ASSIGNMENT: Each line of the data has to be written out again exactly as shown.
· · ·
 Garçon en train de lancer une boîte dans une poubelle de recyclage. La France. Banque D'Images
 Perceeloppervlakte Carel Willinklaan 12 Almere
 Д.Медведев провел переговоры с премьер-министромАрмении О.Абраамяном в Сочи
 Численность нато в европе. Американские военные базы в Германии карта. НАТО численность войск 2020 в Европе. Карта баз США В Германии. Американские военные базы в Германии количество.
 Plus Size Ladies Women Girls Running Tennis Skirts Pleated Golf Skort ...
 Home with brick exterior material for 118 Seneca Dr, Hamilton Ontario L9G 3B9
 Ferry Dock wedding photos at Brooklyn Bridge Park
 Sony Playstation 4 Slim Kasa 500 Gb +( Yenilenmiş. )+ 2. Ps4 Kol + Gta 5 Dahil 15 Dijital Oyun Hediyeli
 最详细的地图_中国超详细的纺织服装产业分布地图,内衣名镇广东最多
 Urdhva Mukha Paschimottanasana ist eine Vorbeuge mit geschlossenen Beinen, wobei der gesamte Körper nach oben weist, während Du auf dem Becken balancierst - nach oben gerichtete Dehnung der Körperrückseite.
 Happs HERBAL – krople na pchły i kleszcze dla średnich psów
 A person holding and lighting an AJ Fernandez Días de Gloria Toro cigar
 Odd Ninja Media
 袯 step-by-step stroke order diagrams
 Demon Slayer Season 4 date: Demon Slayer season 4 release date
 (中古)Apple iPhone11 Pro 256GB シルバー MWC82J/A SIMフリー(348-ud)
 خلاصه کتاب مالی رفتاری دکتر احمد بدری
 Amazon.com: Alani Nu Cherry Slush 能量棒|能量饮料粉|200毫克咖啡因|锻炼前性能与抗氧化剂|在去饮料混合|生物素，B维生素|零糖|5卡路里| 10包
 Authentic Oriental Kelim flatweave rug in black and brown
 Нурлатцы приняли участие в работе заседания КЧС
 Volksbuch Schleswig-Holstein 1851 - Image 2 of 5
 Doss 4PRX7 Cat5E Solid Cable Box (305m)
· · ·
REPLY:
 Garçon en train de lancer une boîte dans une poubelle de recyclage. La France. Banque D'Images
 Perceeloppervlakte Carel Willinklaan 12 Almere
 Д.Медведев провел переговоры с премьер-министромАрмении О.Абраамяном в Сочи
 Численность нато в европе. Американские военные базы в Германии карта. НАТО численность войск 2020 в Европе. Карта баз США В Германии. Американские военные базы в Германии количество.
 Plus Size Ladies Women Girls Running Tennis Skirts Pleated Golf Skort ...
 Home with brick exterior material for 118 Seneca Dr, Hamilton Ontario L9G 3B9
 Ferry Dock wedding photos at Brooklyn Bridge Park
 Sony Playstation 4 Slim Kasa 500 Gb +( Yenilenmiş. )+ 2. Ps4 Kol + Gta 5 Dahil 15 Dijital Oyun Hediyeli
 最详细的地图_中国超详细的纺织服装产业分布地图,内衣名镇广东最多
 Urdhva Mukha Paschimottanasana ist eine Vorbeuge mit geschlossenen Beinen, wobei der gesamte Körper nach oben weist, während Du auf dem Becken balancierst - nach oben gerichtete Dehnung der Körperrückseite.
 Happs HERBAL – krople na pchły i kleszcze dla średnich psów
 A person holding and lighting an AJ Fernandez Días de Gloria Toro cigar
 Odd Ninja Media
 袯 step-by-step stroke order diagrams
 Demon Slayer Season 4 date: Demon Slayer season 4 release date
 (中古)Apple iPhone11 Pro 256GB シルバー MWC82J/A SIMフリー(348-ud)
 خلاصه کتاب مالی رفتاری دکتر احمد بدری
 Amazon.com: Alani Nu Cherry Slush 能量棒|能量饮料粉|200毫克咖啡因|锻炼前性能与抗氧化剂|在去饮料混合|生物素，B维生素|零糖|5卡路里| 10包
 Authentic Oriental Kelim flatweave rug in black and brown
 Нурлатцы приняли участие в работе заседания КЧС
 Volksbuch Schleswig-Holstein 1851 - Image 2 of 5
 Doss 4PRX7 Cat5E Solid Cable Box (305m)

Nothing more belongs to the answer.